1 The court has automatically substituted Kilolo Kijakazi, as Acting Commissioner of Social Security, for Andrew Saul, former Commissioner of Social court. The court granted Boland’s motion to reverse, and it remanded the matter to the Social Security Administration (“SSA”). Judgment was entered on September 25, 2018. After further administrative proceedings on remand, an administrative

law judge issued a fully favorable decision to Boland and awarded him $57,598 in past due benefits as well as ongoing benefits until he reaches his full retirement age.

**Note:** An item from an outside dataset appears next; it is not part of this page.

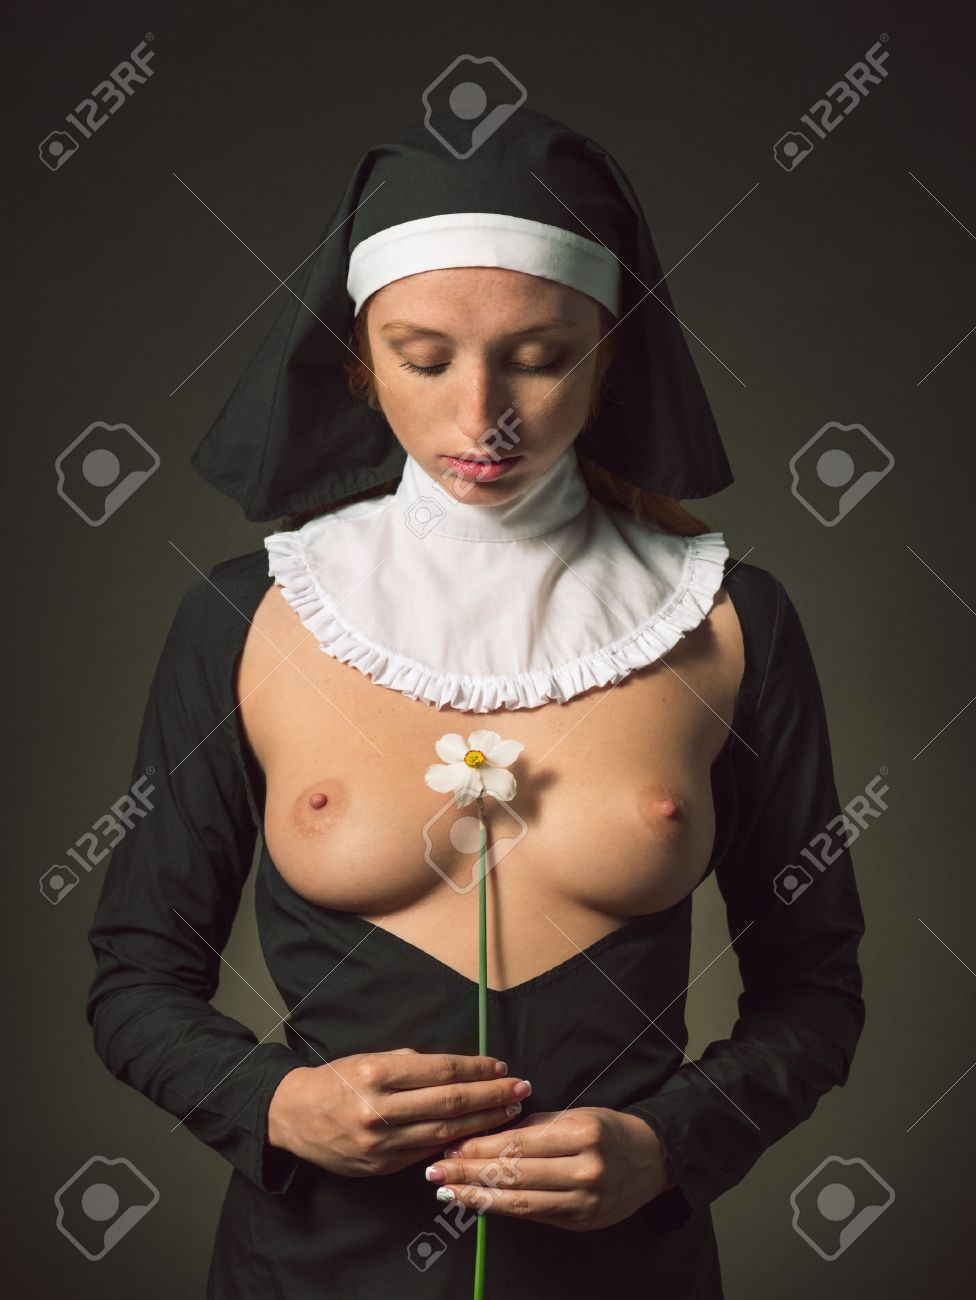 Nude pics of nuns

Boland’s benefits, including ongoing benefits until he reaches retirement age, will total about $135,000. Boland was informed of the decision by a “notice of award,” which he received on June 14, 2021. See doc. no. 32-1. Attorney Jackson filed the present motion for attorney fees on July 7, 2021.

DISCUSSION Attorney Jackson requests payment of attorney fees totaling 25% of Boland’s past-due benefits, a total request of $14,399.50. The Acting Commissioner does not object to the request for attorney fees, but she identifies a potential issue with the timeliness of Attorney Jackson’s motion and requests an evaluation of the reasonableness of the amount. Attorney Jackson filed a reply.

I. Timeliness The Acting Commissioner states that Federal Rule of Civil Procedure 54(d)(2)(B) requires that motions for attorney fees be filed no later than 14 days after the entry of judgment, and she observes that the motion here would be around two-and-a-half years late under that rule. The Acting Commissioner, however, acknowledges that several appellate courts have held that applying Rule 54(d)(2)(B) strictly produces unfair and unintended results on counsel who seek fees under § 406(b).

The court agrees that applying Rule 54(d)(2)(B) strictly would be patently unfair to counsel. Unless a court order or statute provides otherwise, Rule 54(d)(2)(B) requires that motions for attorney fees be filed within 14 days of the court’s judgment. In most social security cases, judgment is entered when the district court remands the matter to SSA for a determination of the amount of the claimant’s benefits, which typically takes longer than 14 days. However, the maximum amount of an attorney fees award under § 406(b) is determined by

reference to the claimant’s final award of past-due benefits. See 42 U.S.C. § 406(b) (stating that court may allow a “reasonable fee” for representation of a successful claimant “not in excess of 25 percent of the total of the past-due benefits to which the claimant is entitled”). Therefore, under only the most uncommon circumstances would claimants’ counsel be able to recover attorney fees if Rule 54(d)(2)(B)’s 14-day time limitation is applied without exception.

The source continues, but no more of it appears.